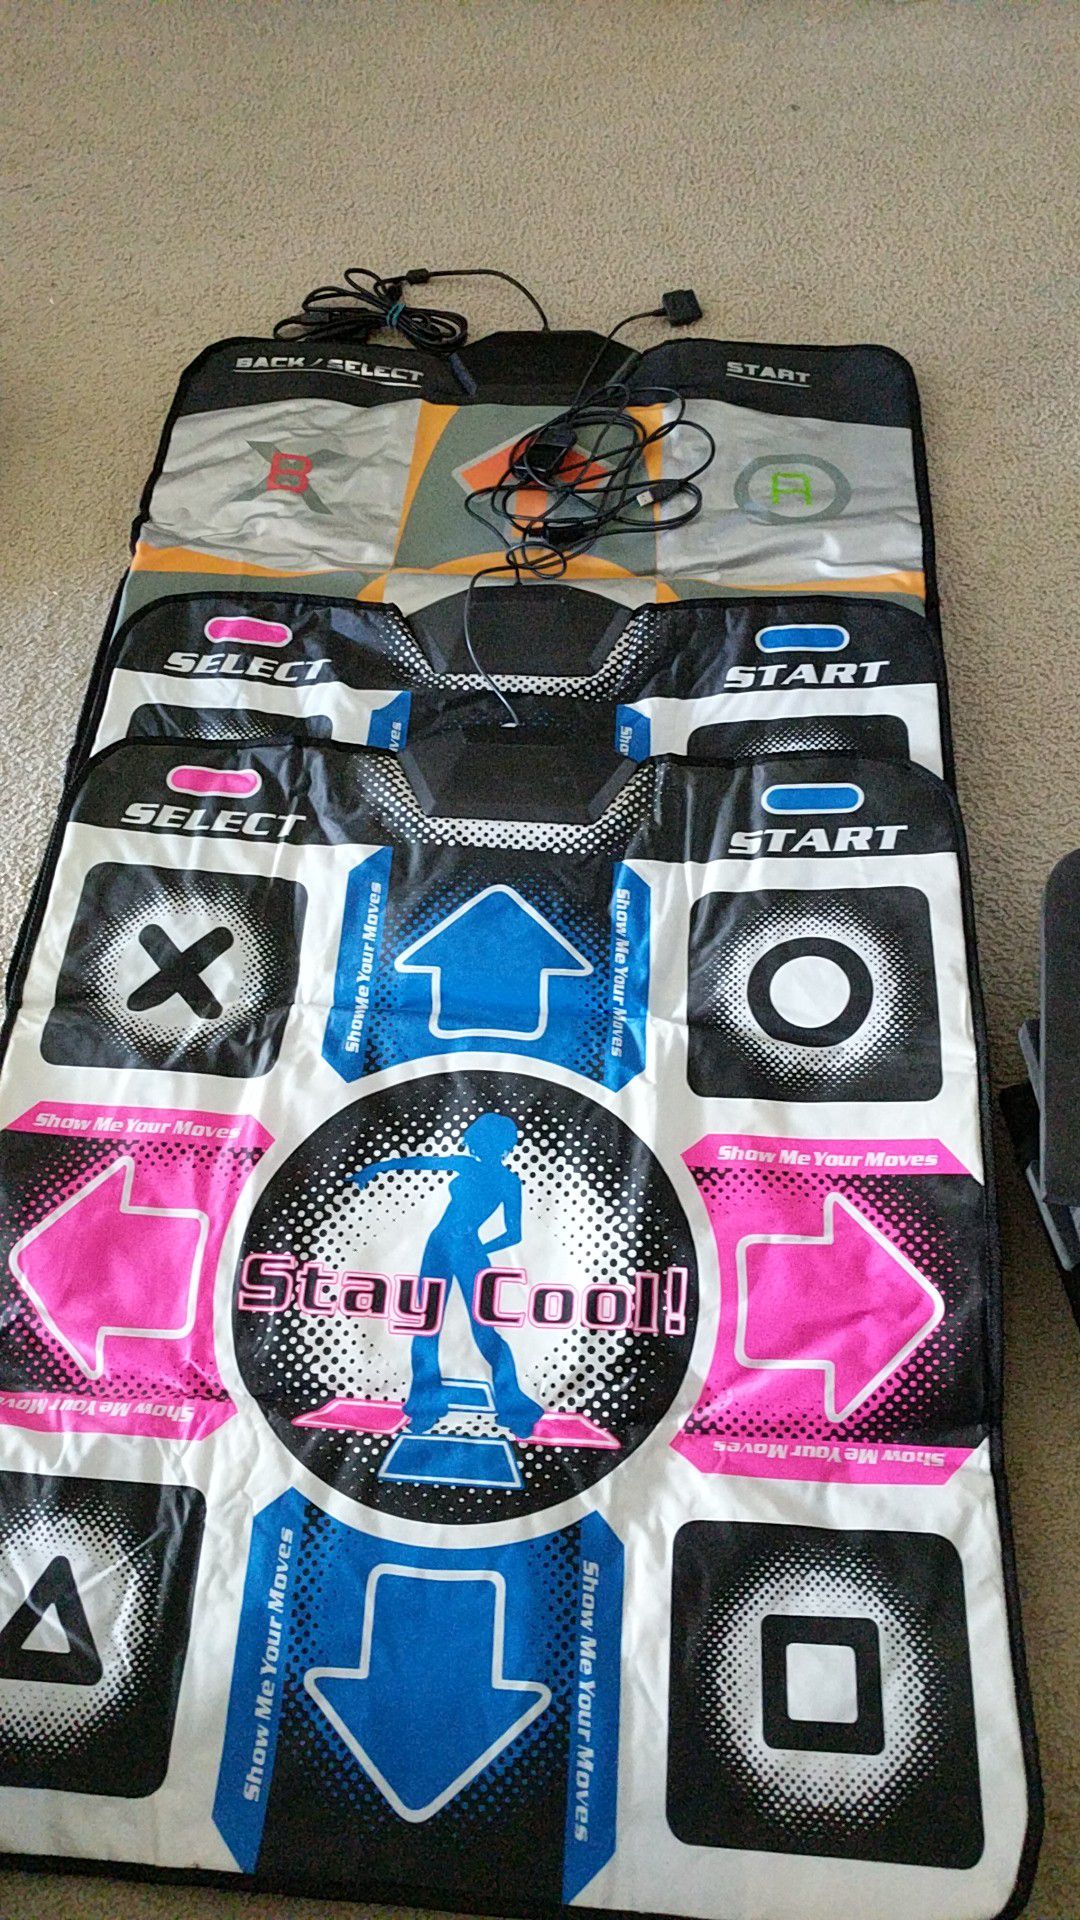 Ps2 PS3 and PS4 3 DDR mats dance dance revolution for PS3 or PS4
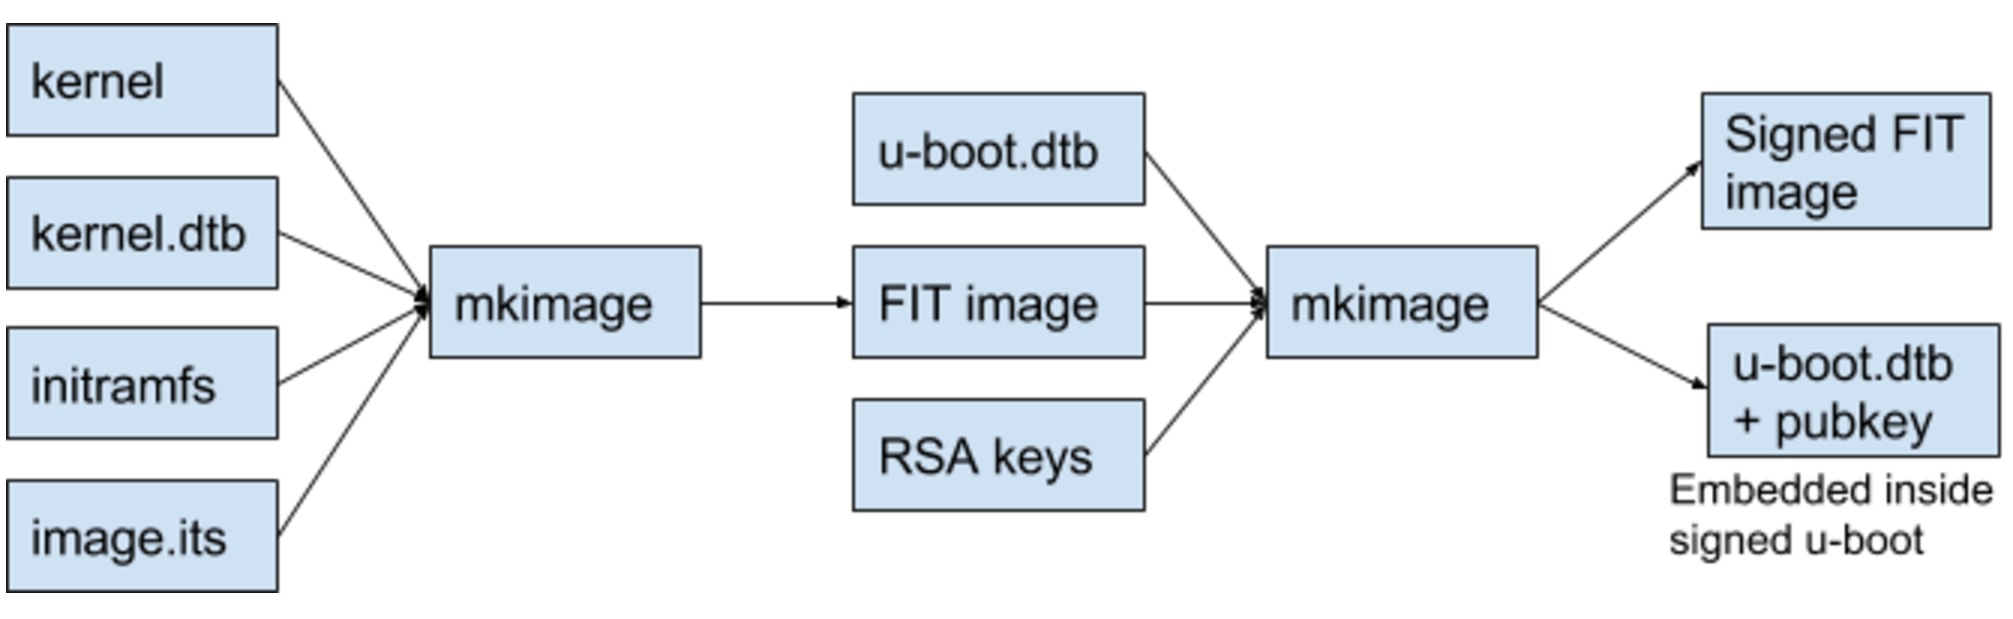 we can trust the public key inside of U-Boot to verify the FIT image
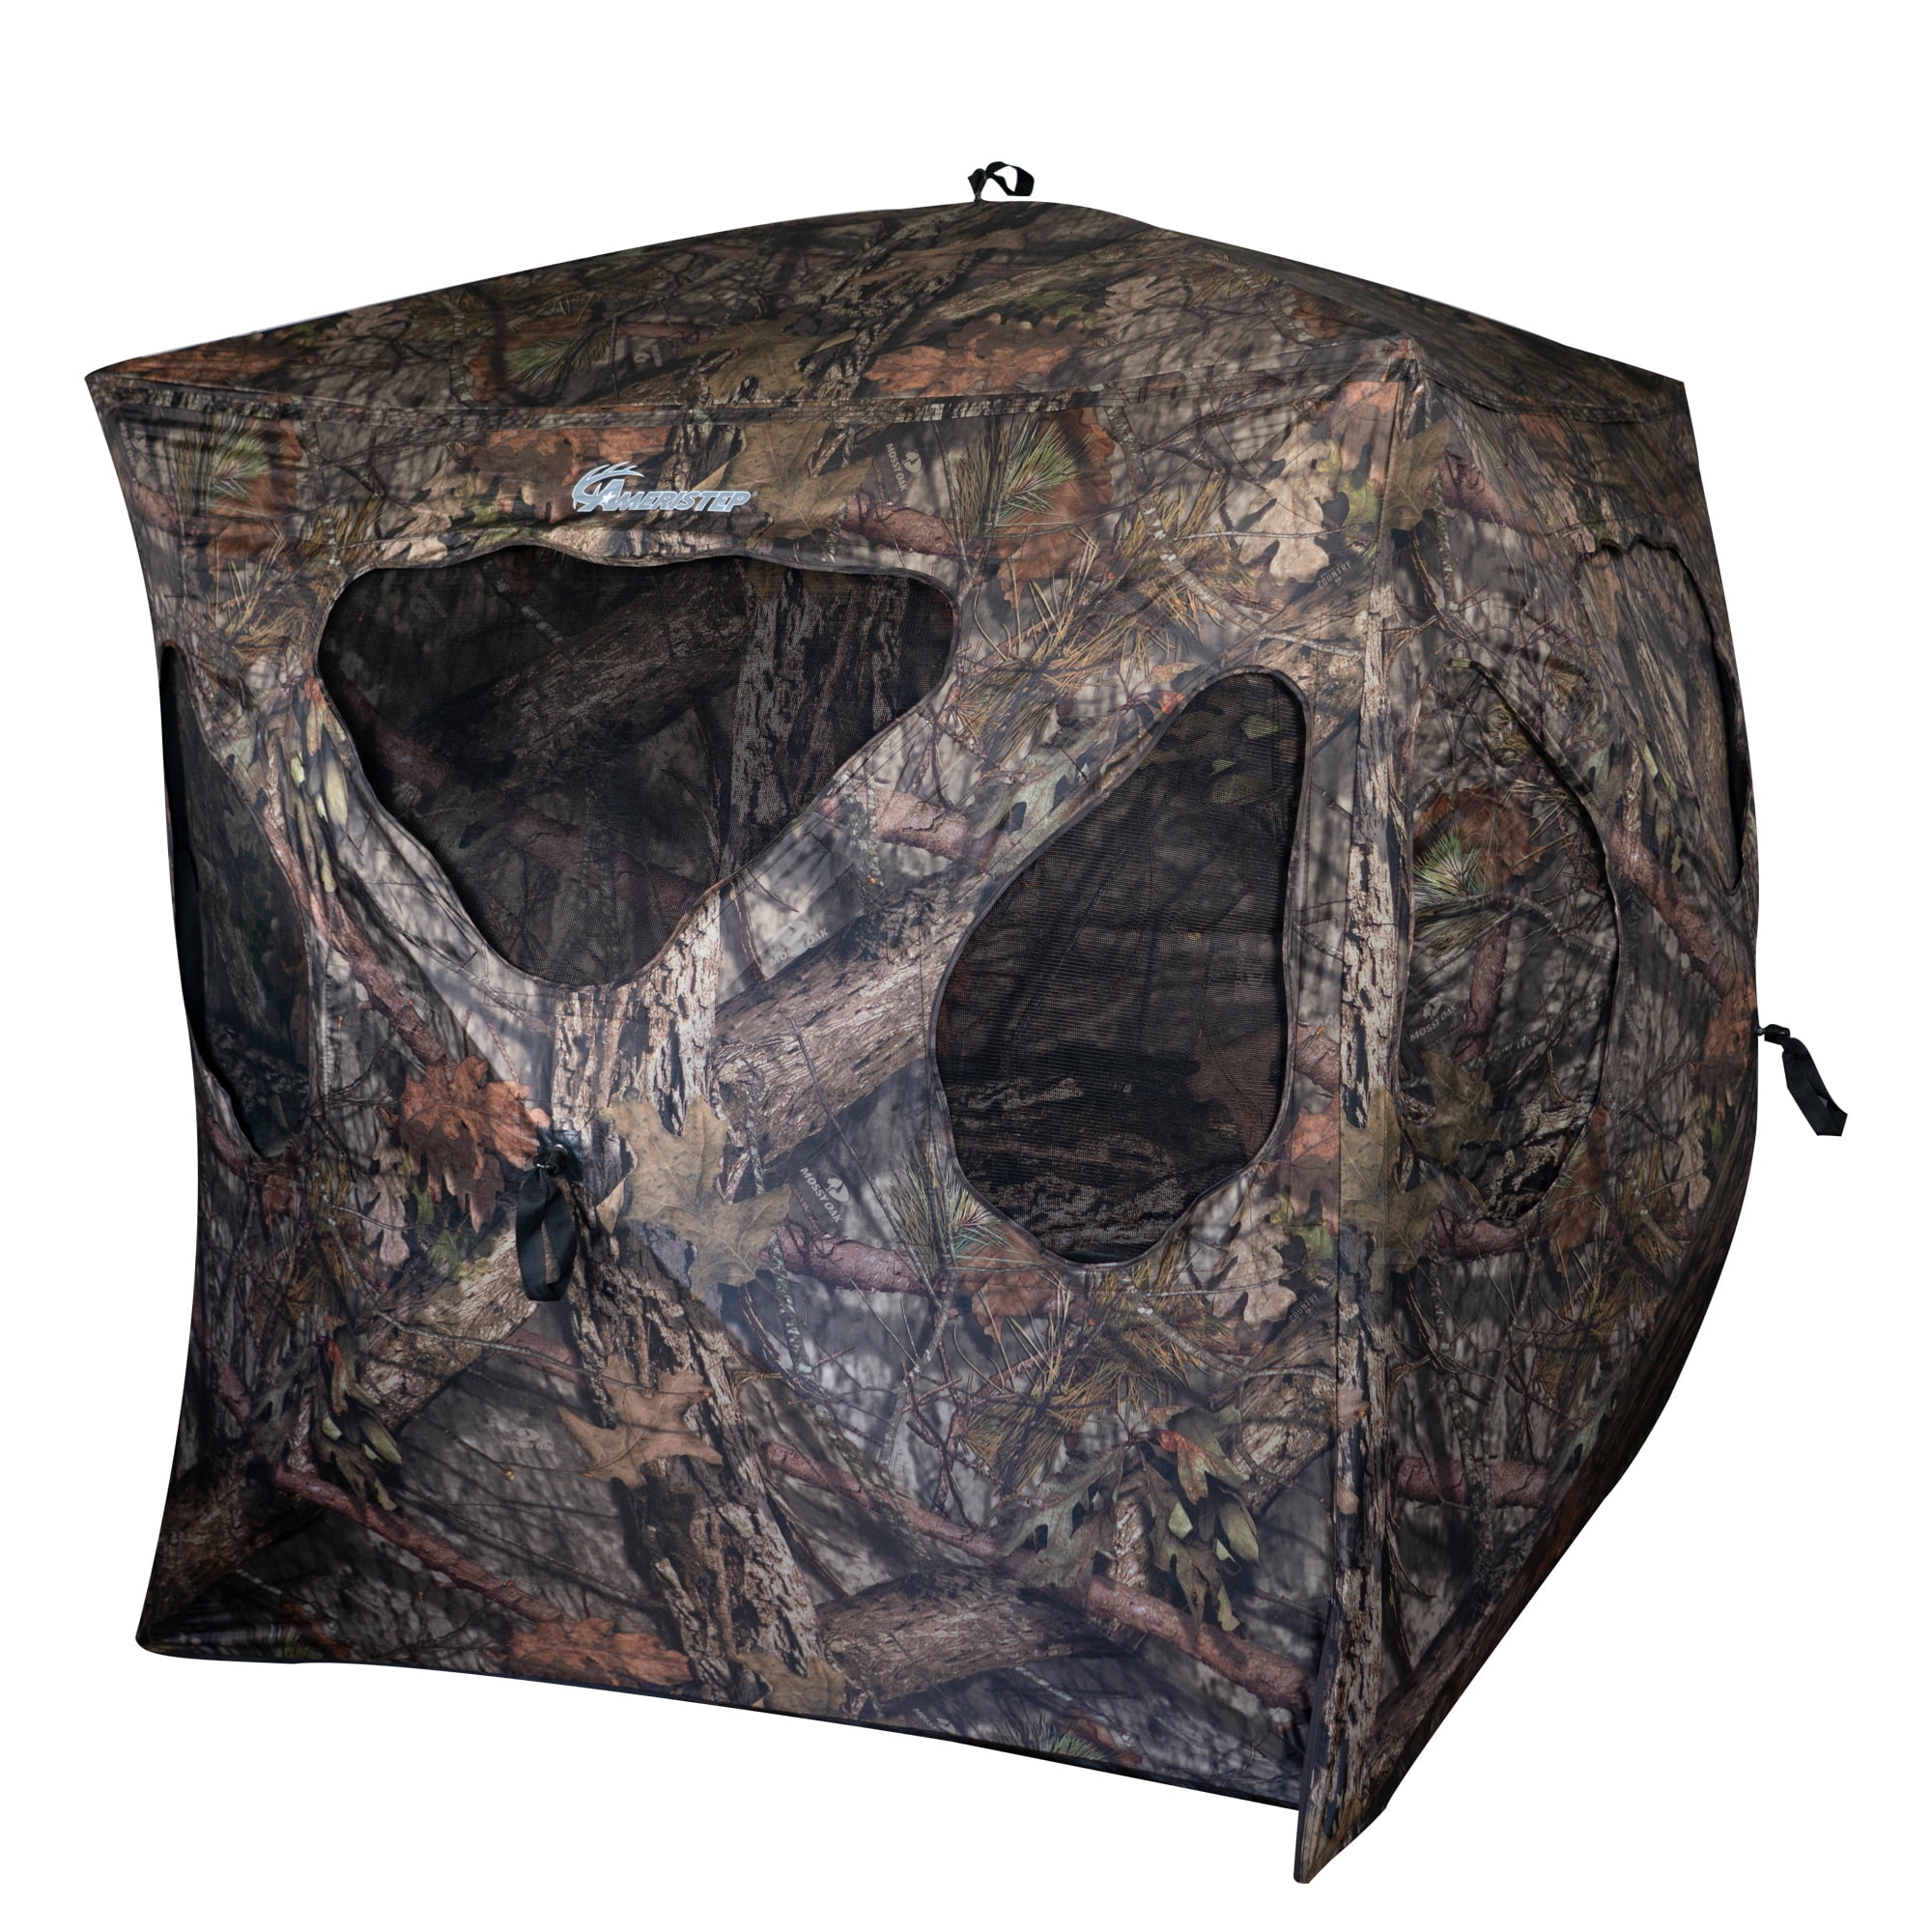 Camouflage Plano AMEBL3029 Ameristep Outdoor 3 Person Brickhouse Hunting Blind
◇ ◇ ◇ ◇ ◇ ◇ ◇
YOUR OBJECTIVE :: Give back the whole listing as it stands, minus its pictures.

SOLUTION FOR THIS TASK ::
 Ps2 PS3 and PS4 3 DDR mats dance dance revolution for PS3 or PS4
 we can trust the public key inside of U-Boot to verify the FIT image
 Camouflage Plano AMEBL3029 Ameristep Outdoor 3 Person Brickhouse Hunting Blind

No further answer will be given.